- DATA SHOWN

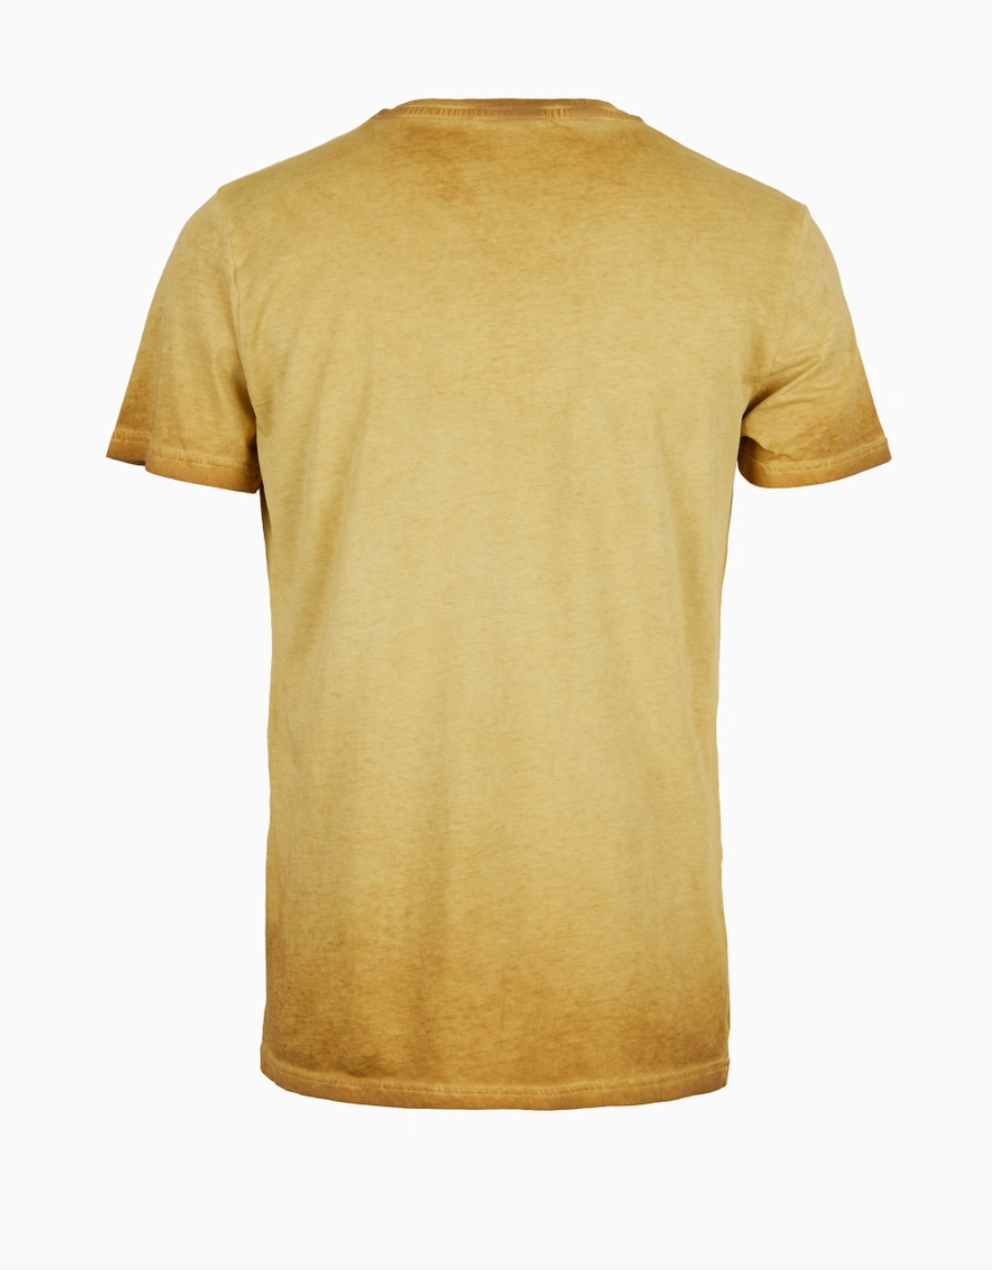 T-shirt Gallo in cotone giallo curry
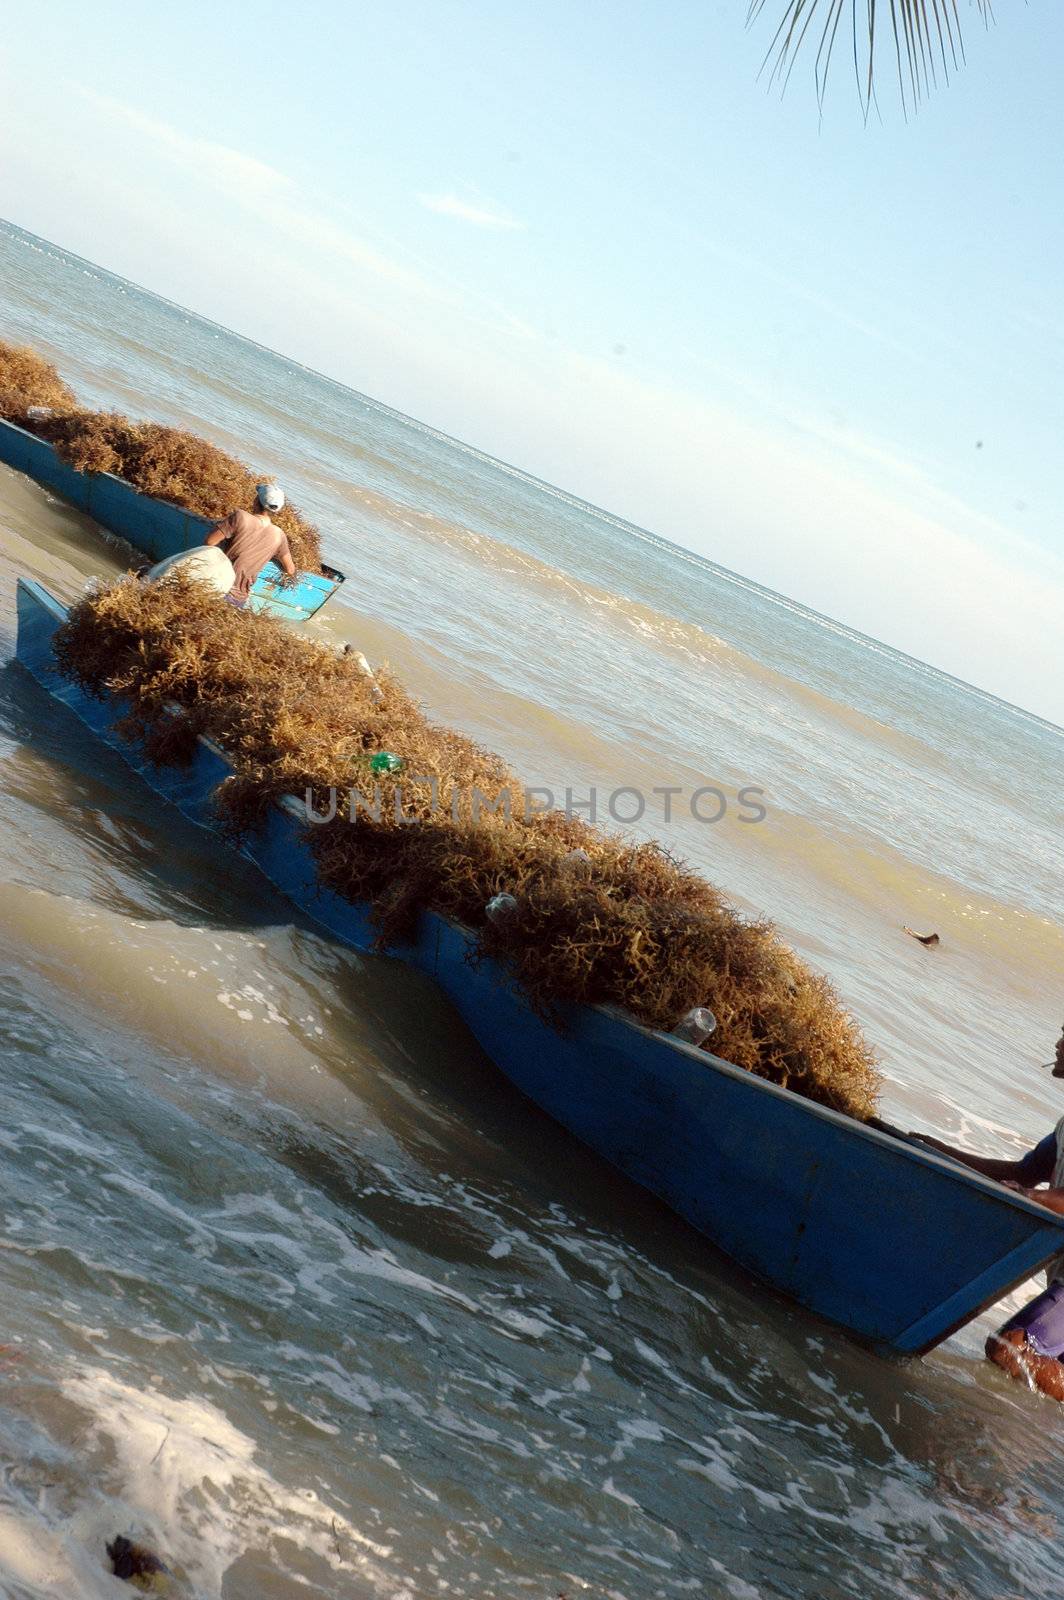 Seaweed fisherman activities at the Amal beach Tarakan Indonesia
...
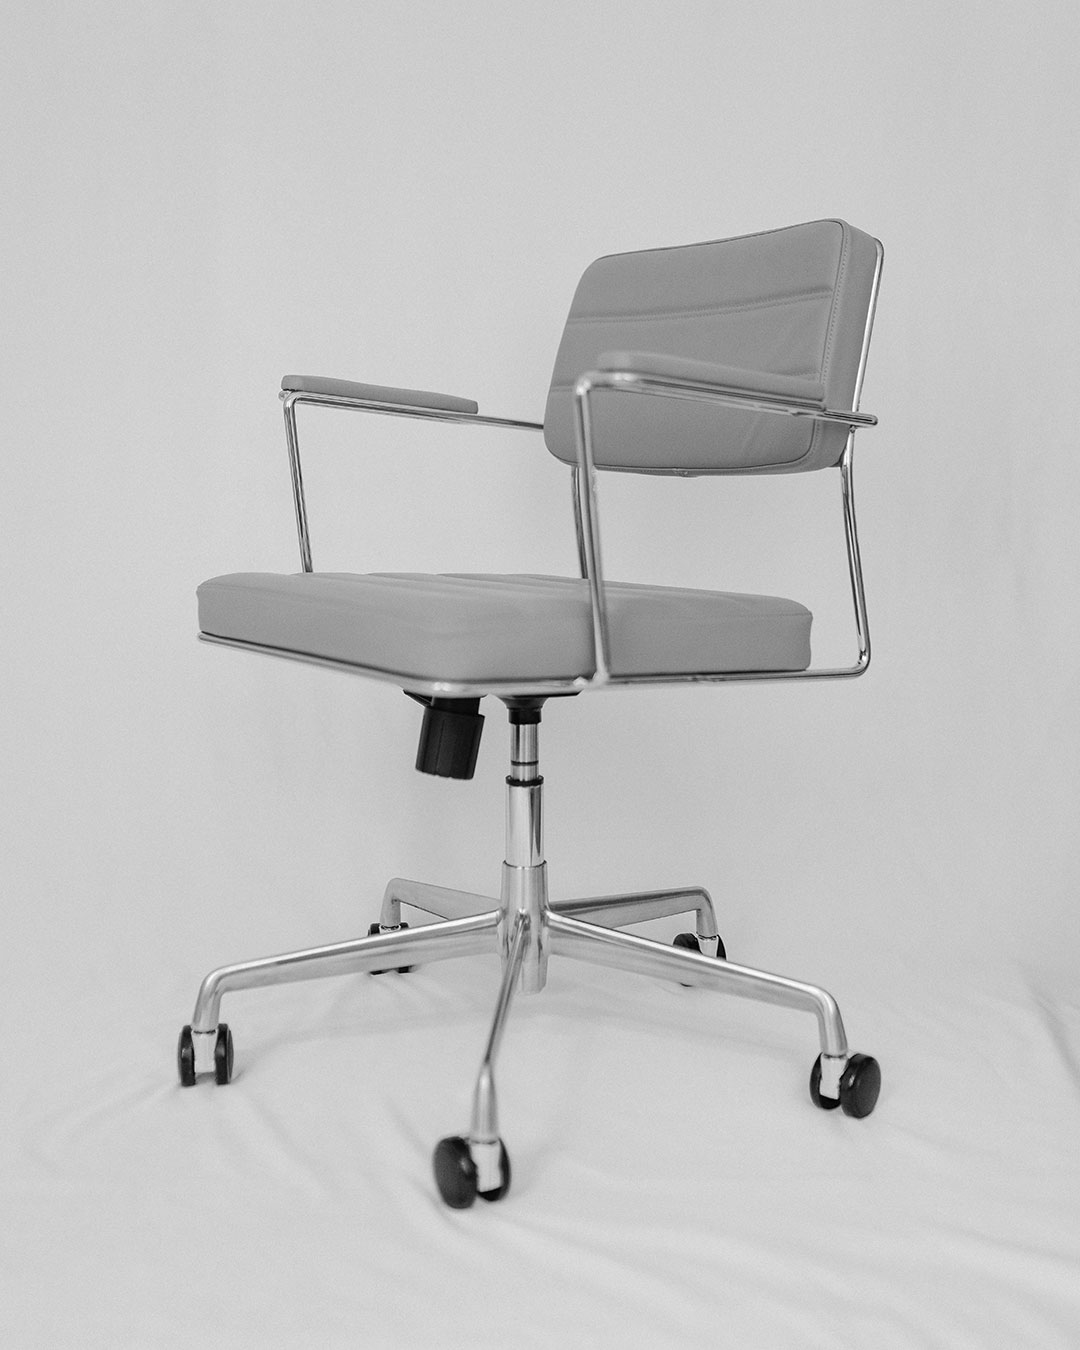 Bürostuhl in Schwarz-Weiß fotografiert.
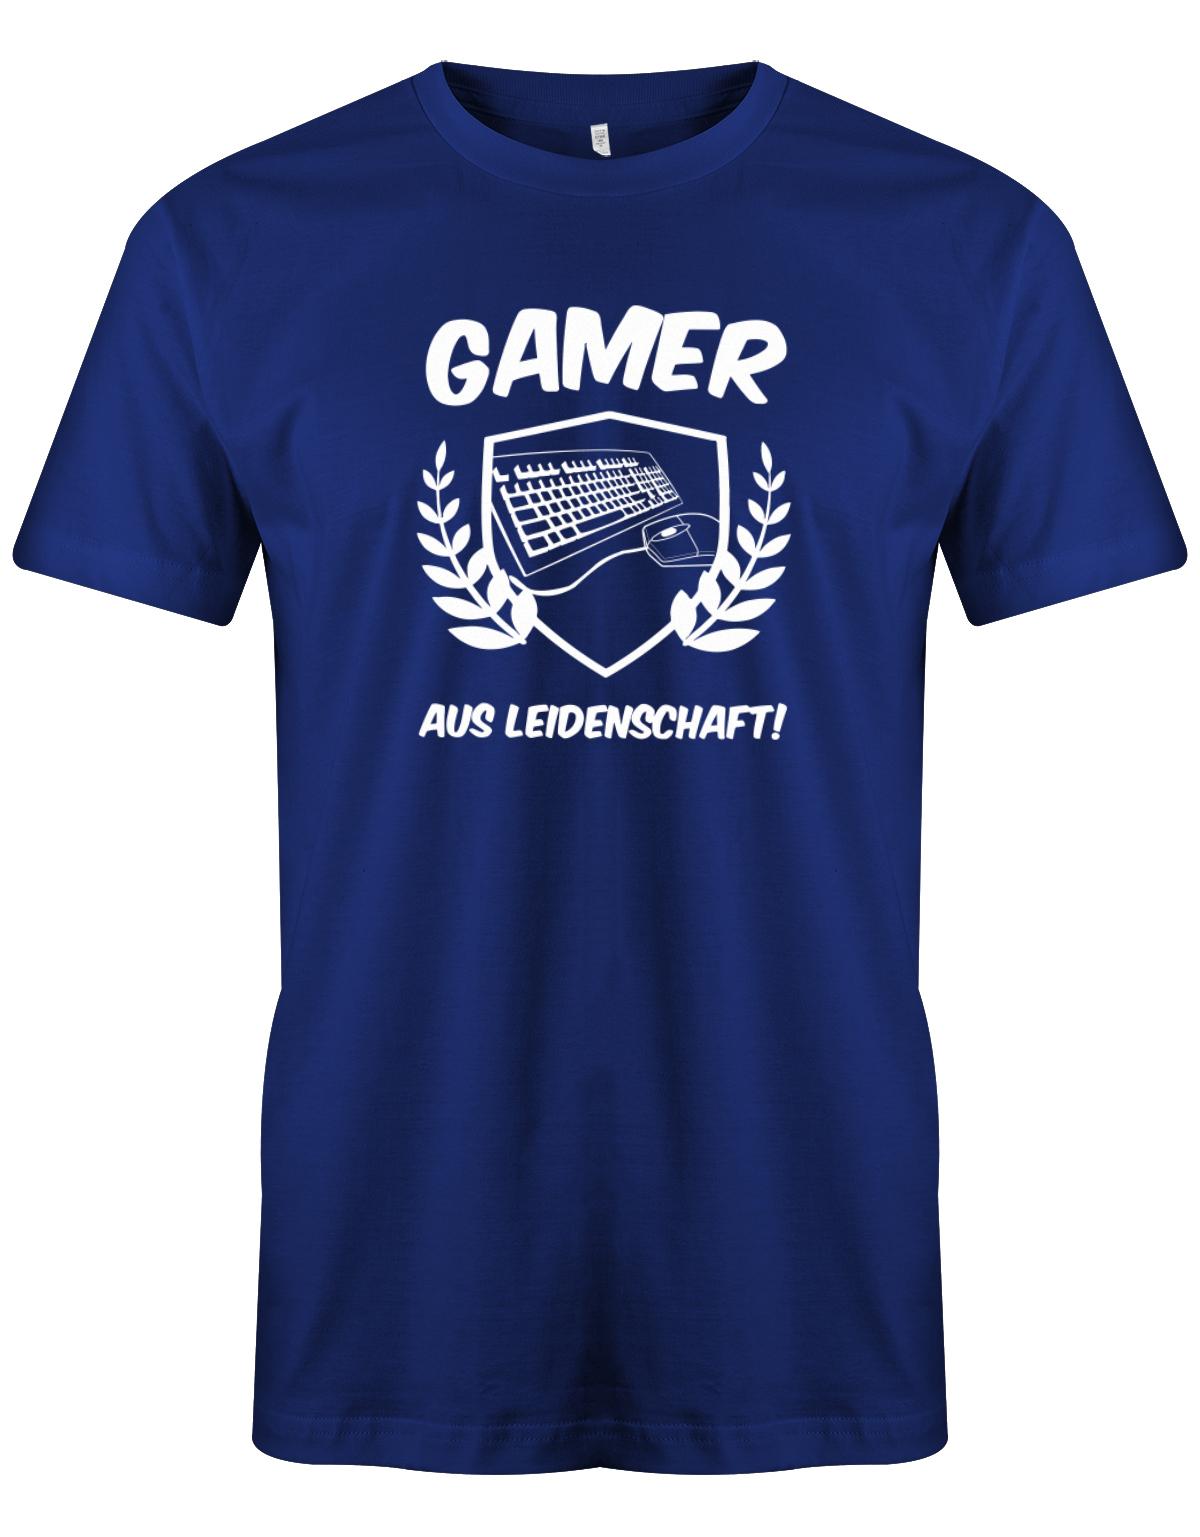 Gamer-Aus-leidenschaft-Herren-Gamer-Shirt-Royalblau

- AIM OF THE TASK
Please output the lines above beginning at the line with "Bürostuhl in Schwarz-Weiß fotografiert." and ending after the line with "Gamer-Aus-leidenschaft-Herren-Gamer-Shirt-Royalblau", precisely as written and with no pictures.

- RESULT OF THE EXERCISE
 Bürostuhl in Schwarz-Weiß fotografiert.
 Gamer-Aus-leidenschaft-Herren-Gamer-Shirt-Royalblau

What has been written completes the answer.